Partial Verification Bias Correction Using Inverse Probability Bootstrap Sampling for Binary Diagnostic Tests

Diagnostics 2022, 12(11), 2839; https://doi.org/10.3390/diagnostics12112839
by Wan Nor Arifin 1,2,* and Umi Kalsom Yusof 1,*
Reviewer 1: Anonymous
Reviewer 3:
Diagnostics 2022, 12(11), 2839; https://doi.org/10.3390/diagnostics12112839
Submission received: 19 October 2022 / Revised: 3 November 2022 / Accepted: 15 November 2022 / Published: 17 November 2022
(This article belongs to the Section Pathology and Molecular Diagnostics)

Round 1

Reviewer 1 Report

The work is publishable, need to address some comments as below

2.      Improve the introduction part and add more recent literature

3.      At the end of each equation there must be full stop or comma

4.      Remove the grammatical mistakes, typo mistakes etc.

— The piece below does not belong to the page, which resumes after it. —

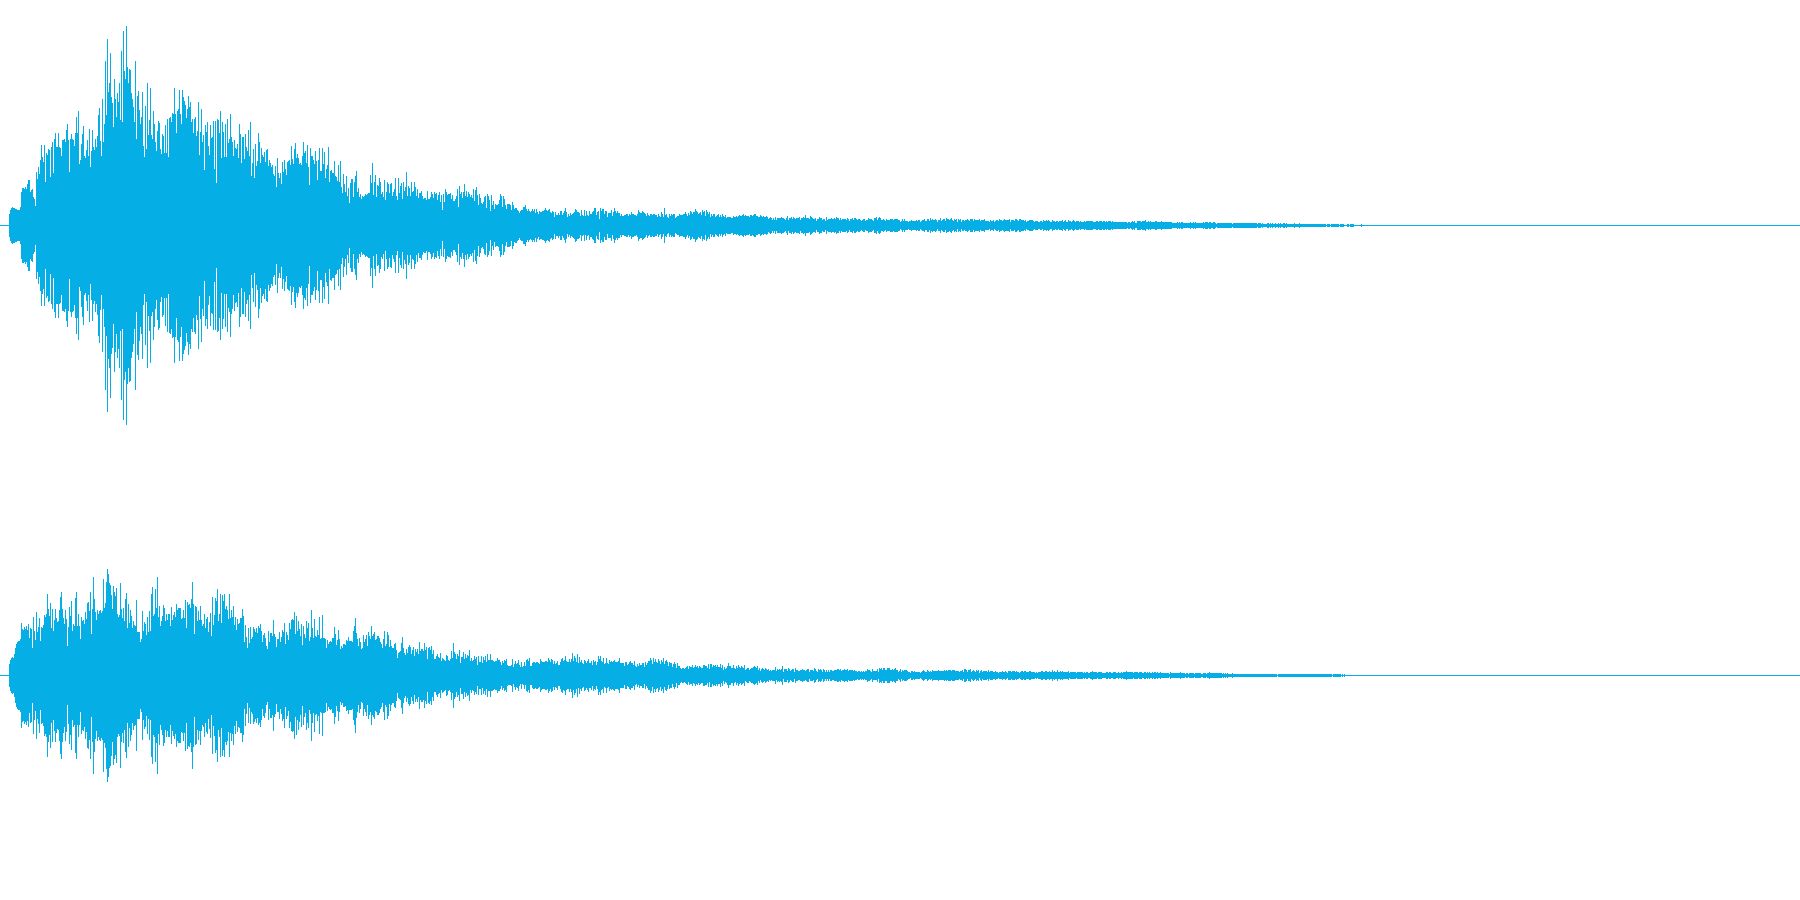 明るいテロップ音 ボタン音 決定音!1cの再生済みの波形

5.      Need to write the conclusion section with a little more details.

After addressing the minor comments, the paper can be published in the journal.

Author Response

Response to Reviewer 1 Comments

Thank you to the reviewer for the constructive comments. We provided the responses for each of the comments below.

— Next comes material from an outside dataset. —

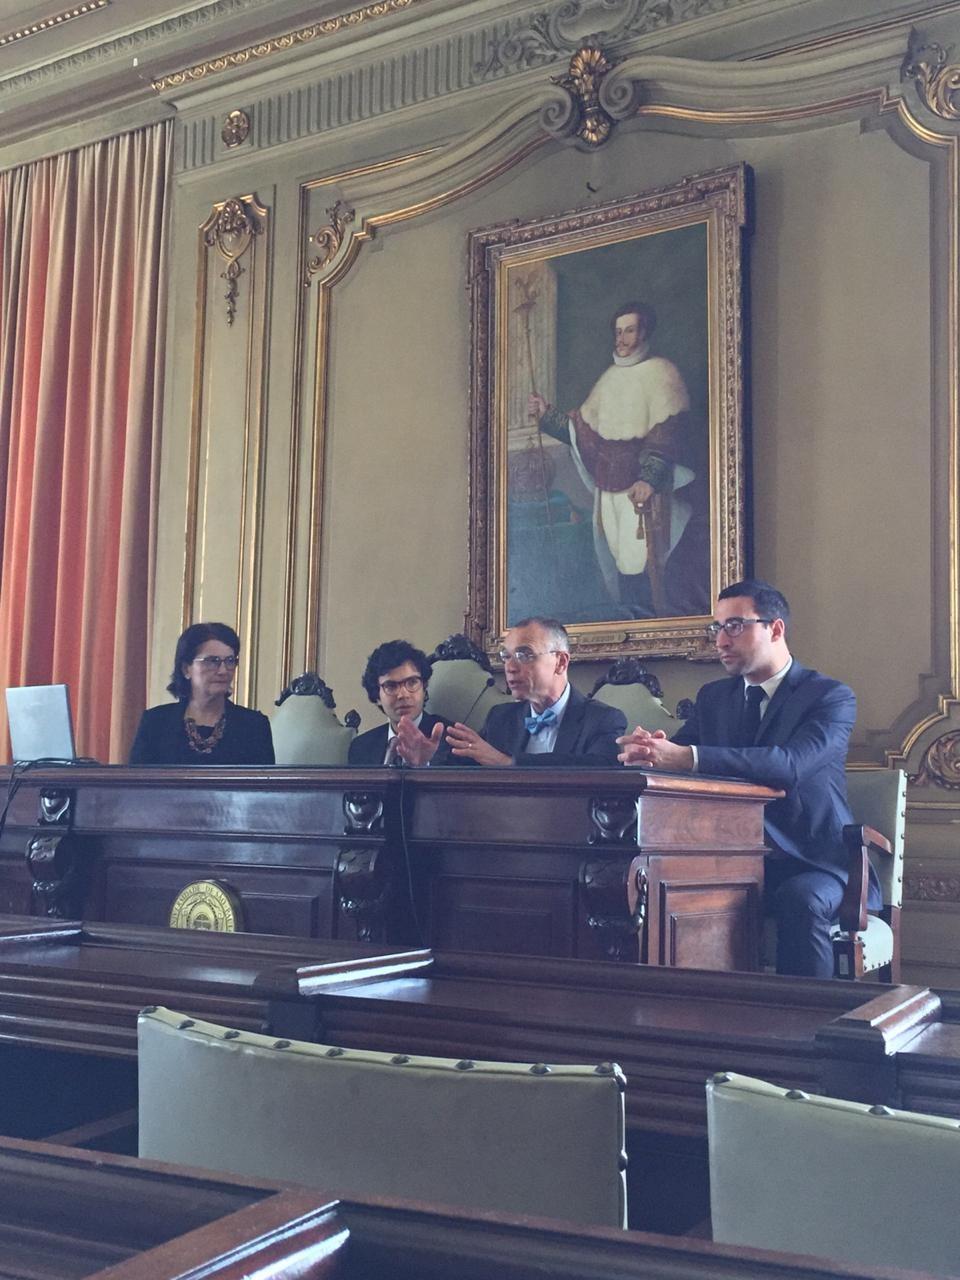 Katia RUBIO, Jean NICOLAU, Hugues FULCHIRON, Xavier AUMERAN

Point 1: Improve the introduction part and add more recent literature

Response 1: More recent literature were added; Kohn 2022, Day 2022, Robles 2022, El Chamieh 2022 and Faisal 2021. Kohn was cited in the context of explaining PVB issue (Introduction), Faisal 2021 on MI performance (Discussion), while the rest were cited to give recent implementations of PVB correction methods (Introduction)

Point 2: At the end of each equation there must be full stop or comma

Response 2: Full stops and commas were added to the equations. In addition, equation numbers were added for some equations without numbers in the first draft.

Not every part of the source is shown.